2ème chose : quel type d'appli veux-tu créer ? Si c'est une appli sans interface, il faut créer un "command line tool"...

Si la réponse à la 1ere chose est oui, il va falloir t'entrainer sur quelques tutoriels avant de te lancer...


----------



## fares28 (29 Novembre 2009)

mickadedel a dit:


> Bonjour,
> 
> 1ère chose : c'est ta première expérience en ce qui concerne le développement mac ?
> 2ème chose : quel type d'appli veux-tu créer ? Si c'est une appli sans interface, il faut créer un "command line tool"...
> ...



Hello,merci de me répondre!

En ce qui concerne la premiere question c'est oui ,mais je n'ai aucune idée ou je peux m'entrainer,pour la deuxieme bein je ne comprends pas trop la question mais je veux des programmes C normaux quoi autant que débutant en informatique,pour voir le résultat à la fin!mais je ne vois pas du tout ce que c'est le command line tool!

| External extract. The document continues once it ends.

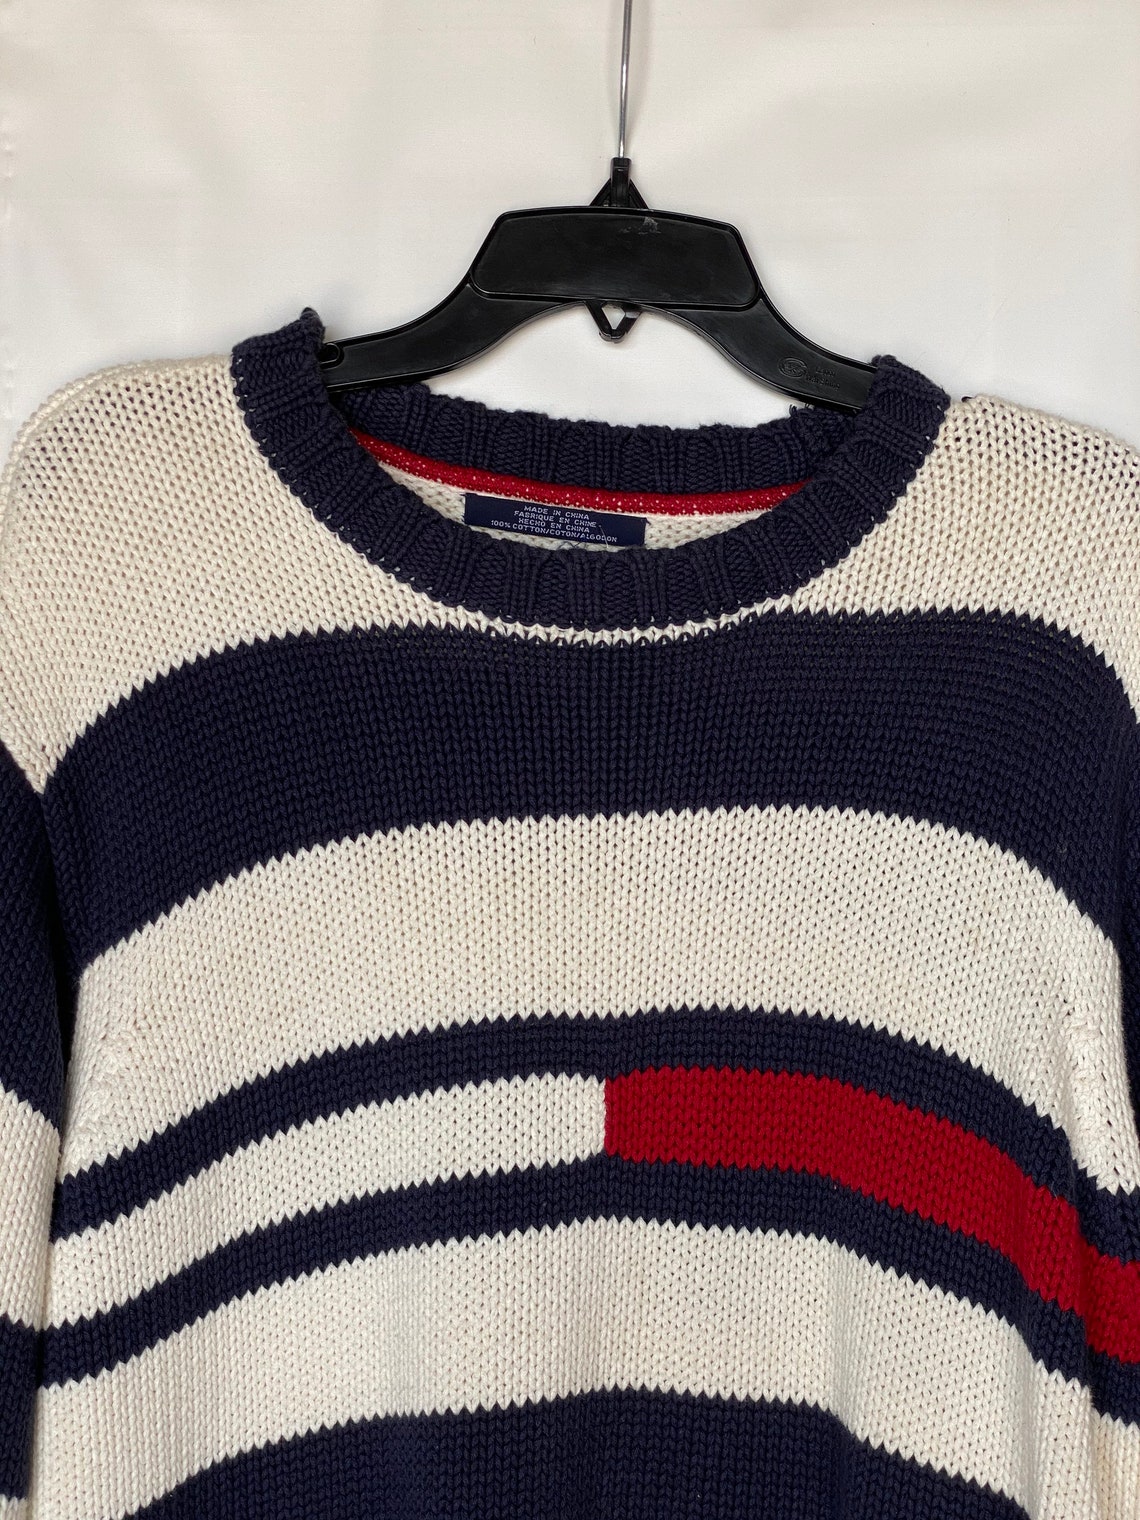 Vintage 90s knitted Tommy Hilfiger heavy sweatshirt / Large | Etsy

Au fait j'ai essayé un programme totu simple hier(le premier que j'ai travaillé sur xcode) et à la fin il marchait tres bien il se lancait dans le terminal mais aujordhui quand j'ai commencé à travailler serieusement mes programmes aucun n'a été compilé avec le meme message d'erreur

---------- Nouveau message ajouté à 20h54 ---------- Le message précédent a été envoyé à 20h45 ----------

ah oui désolé c'est bon le command line tool c'est toujours la ou je vais pour créer mon new file et c'est la ou je commence mes programmes,mais à la fin toujours l'erreur!!:mouais:


----------